Sparse vectors store only non-zero values, making them efficient for high-dimensional data where most dimensions are zero — such as keyword-based text representations generated by BM25. This guide covers how to create sparse vector tables and indexes, import data, run exact and approximate searches, and combine sparse with dense vectors for hybrid search.
When to use sparse vectors
| Sparse vectors | Dense vectors | |
|---|---|---|
| Data representation | Most values are zero; only a few dimensions are non-zero | All dimensions have non-zero values |
| Computational efficiency | Higher, especially for zero-element operations | Lower, since all elements are processed |
| Information density | Focuses on key features | Captures nuanced semantic relationships |
| Typical use cases | Keyword search (BM25), hybrid search | Semantic search, RAG, general machine learning |
Use sparse vectors when your data is naturally sparse — for example, when each document is represented as a term-frequency vector over a large vocabulary.
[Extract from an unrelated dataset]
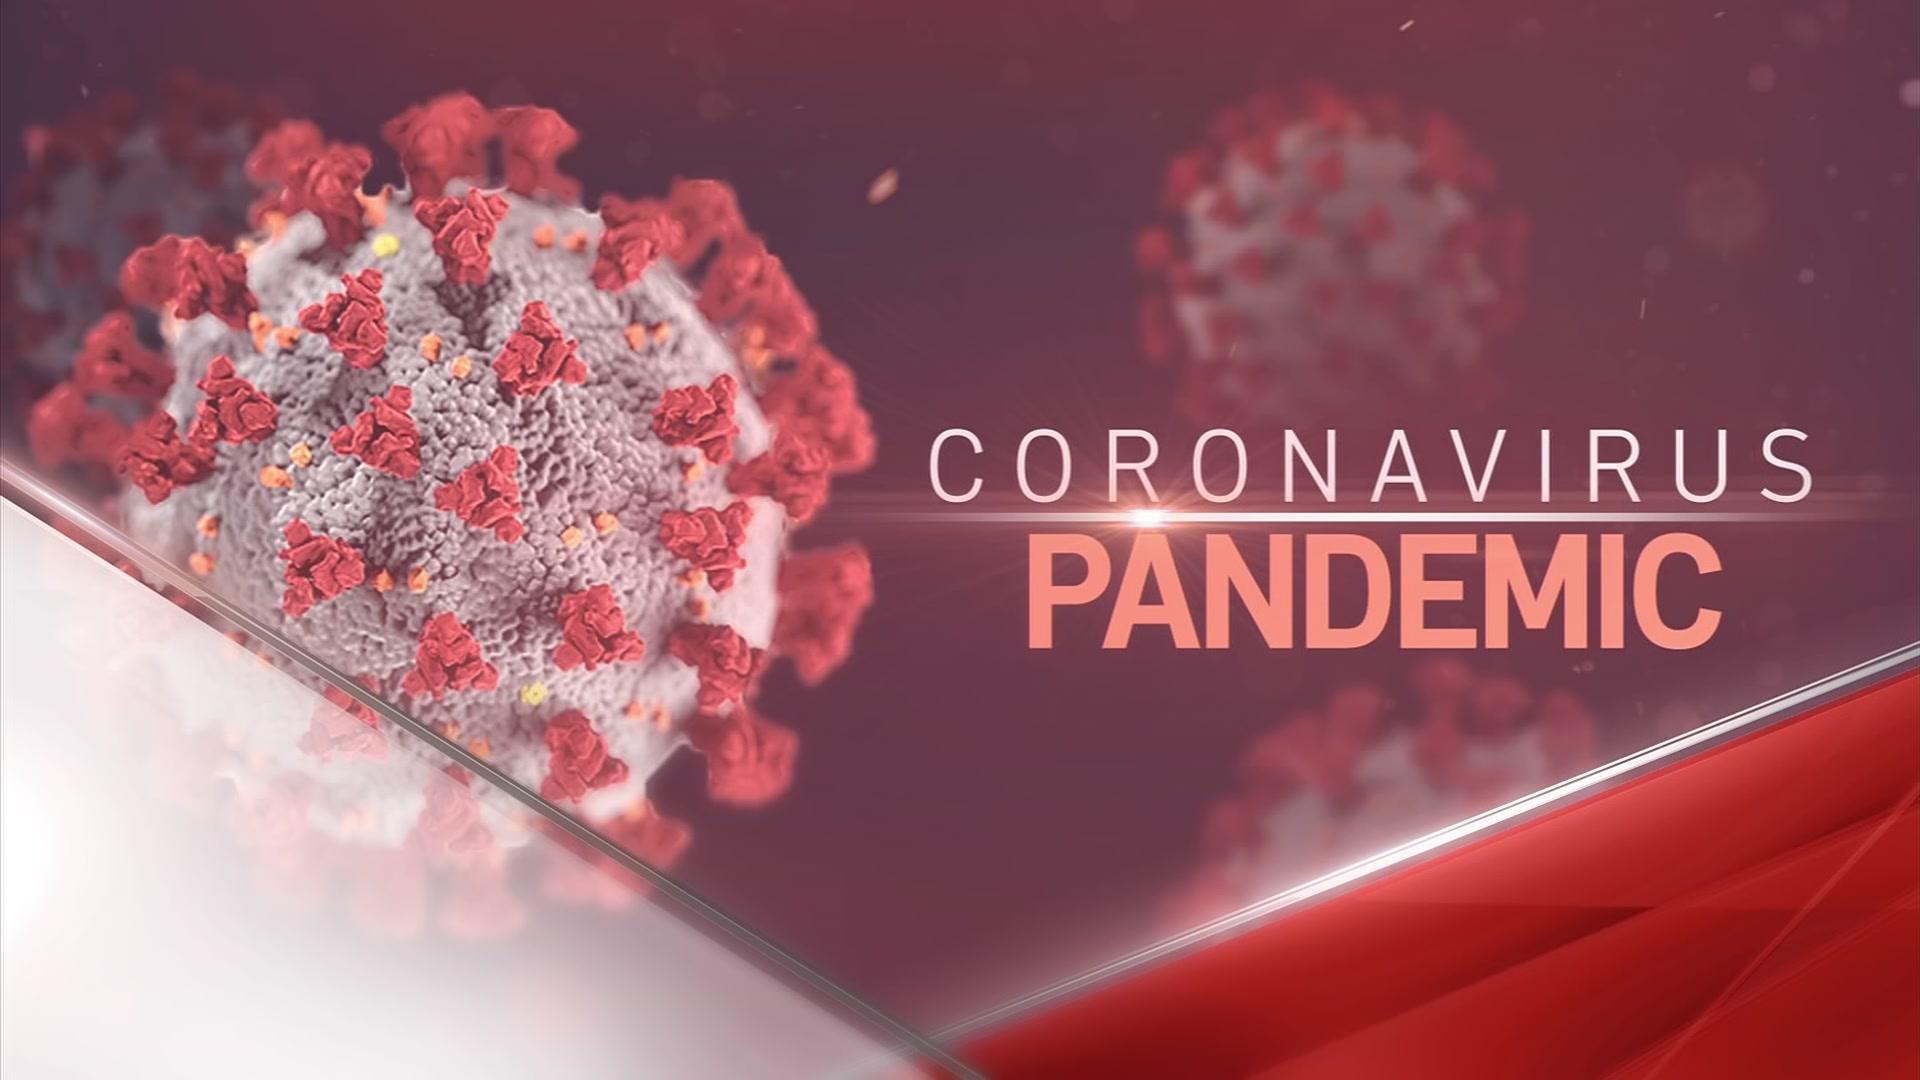 Califato League 2020/2021 - Pandemic Edition CoronavirusAMUpdate

Most dimensions will be zero, and only the terms that appear in the document have non-zero values.
Prerequisites
Before you begin, ensure that you have:
An AnalyticDB for PostgreSQL instance running V6.6.2.3 or later. See Create an instance.
The vector search engine optimization feature enabled on the instance. See Enable or disable vector search engine optimization.
How it works
Sparse vectors in AnalyticDB for PostgreSQL use the SVECTOR (Sparse Vector) data type. Instead of storing all dimensions, SVECTOR stores only the non-zero dimensions using a JSON format with two fields:
indices: the positions (non-negative integers) of non-zero valuesvalues: the corresponding floating-point values
For example, the 20-dimensional vector [0, 0, 1.1, 0, 0, 0, 2.2, 0, 0, 3.3, 0, ...] is stored as:
{"indices":[2, 6, 9], "values":[1.1, 2.2, 3.3]}The figure below shows the structural difference between dense and sparse vectors.

Use sparse vectors
The typical workflow has four steps: create a table, create indexes, import data, and run searches.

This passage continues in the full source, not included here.